Turn on the news and it’s impossible to miss the steady drumbeat of stories about Trump, or Biden, or the health of The King and Princess of Wales depending on which side of the Atlantic your news provider of choice is based. Throw in a sprinkle of Russia, China, Iran, Hamas, and a few unavoidable human interest stories and the whole thing becomes an echo chamber. It doesn’t particularly matter if you’re getting your stories from cable news, the internet, or what passes for newspapers. The mashup is more or less the same, just with a slightly different agenda being pushed.

That’s fine. The news is a business just like any other. Without eyes on screens or pages, there is no news. Like it or not, whether it’s “good for us” or not, the more confrontational the headlines, the more eyes will end up on it. Outlets are doing whatever they have to do to compete. 

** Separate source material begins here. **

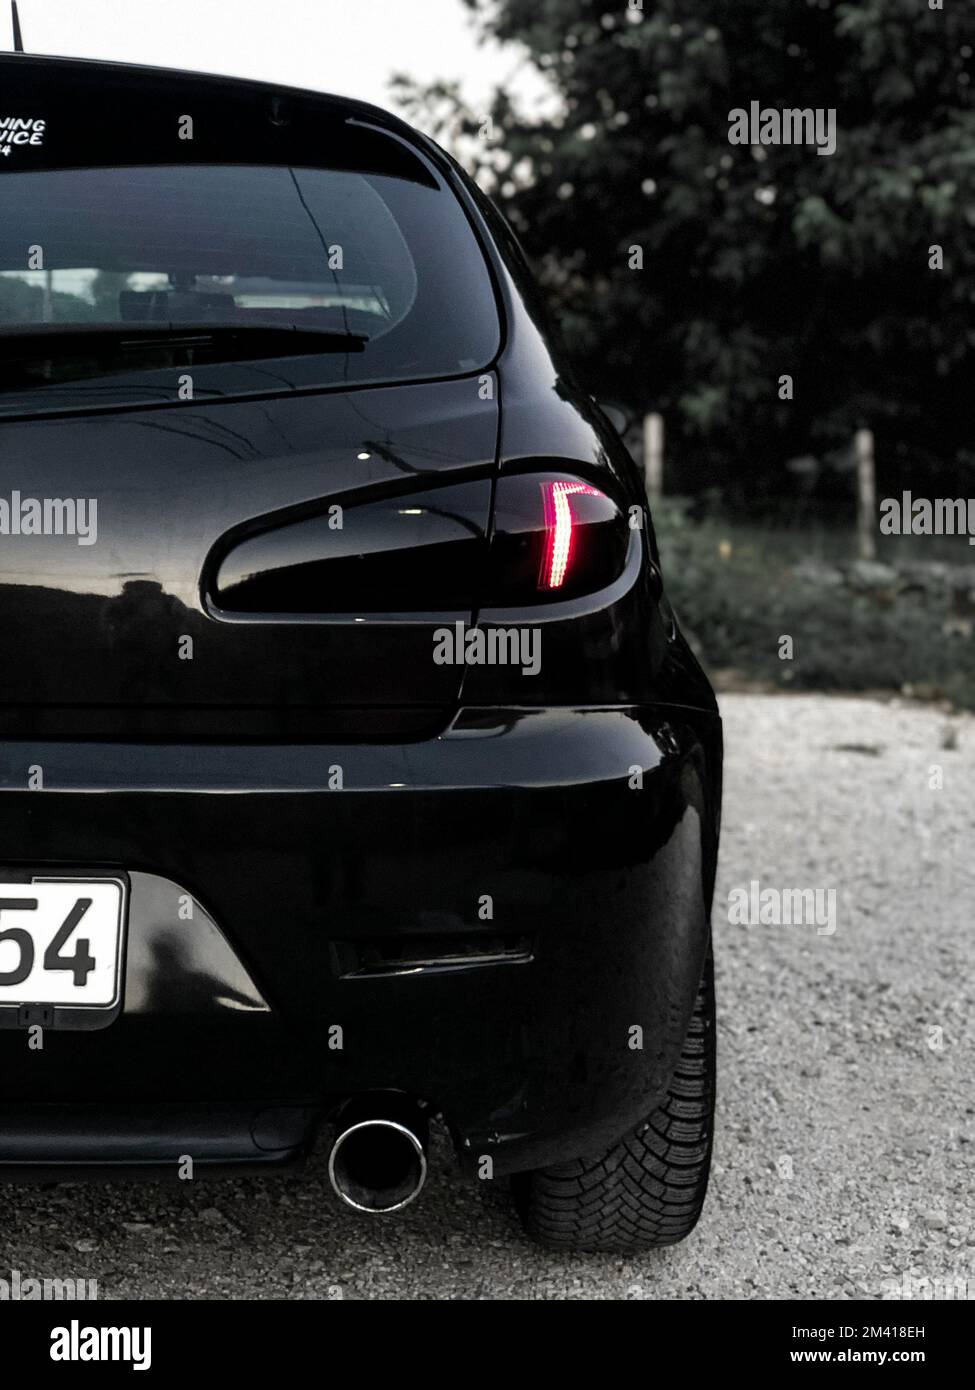 A rear view of a black Alfa Romeo 147 sports car parked outdoors Stock Photo

This weekend, though, I found myself doing what I do more and more often. I opted out. Sure, I scanned the headlines in the morning, but after that, I shifted over to music or podcasts, or parked my television on a couple of channels that were either running old movies or old TV shows and that didn’t have any interested in trying to sell me the news of the day. Honestly it made for some terrific background noise. I highly recommend it.

I’m not sure if it’s something about getting older in general or about my response to the annoyance of modernity in particular, but my god is it getting hard to give a shit about anything other than the five or six “Big Things” I’m already interested in. Beyond that, most everything is beginning to resemble a wacky waving inflatable arm flailing tube man vying for attention.

I seem to revisit this topic a lot. Every time it feels like it’s becoming more and more imperative. I’d love to know whether that says more about me or about the world. Maybe both. 

Apparently I missed it…

Once upon a time a natural disaster couldn’t happen anywhere in the country and escape my notice. A wildfire in Southern California or a Missouri River flood were the high sign that the overtime spigot was about to be cranked wide open. Of course I’ve been out of that game for a while now… and while I don’t miss the late night calls to pack up and be ready to fly away on short notice, I definitely miss the OT.

More than that, I think I might actually miss what’s going on around me. Through a combination of watching Mad Men on demand and running some random sitcoms as background noise last night, listening to commercial-free online radio through AppleTV, and not checking in with the news sites before bed, I didn’t even know that the entire state of Oklahoma had apparently been wiped off the map until I cranked on Channel 13 for my morning dose of local news. That’s a tough confession to make for a guy who prides himself on having a pretty good grip on what’s happening in the world.

I’m not going to get drug into a philosophical discussion about it, but for good or ill, it seems that I’ve more or less stopped paying attention to the news. Maybe I just lost interest. Maybe I’ll come back around at some point, but just now, I’m surprisingly ok with being in the dark about things. Then again, maybe I’ve only got so much bandwidth to deal with news and current events and I’m just prioritizing what makes it through to my frontal lobe… apparently even my subconscious wants the world to stay off my proverbial lawn.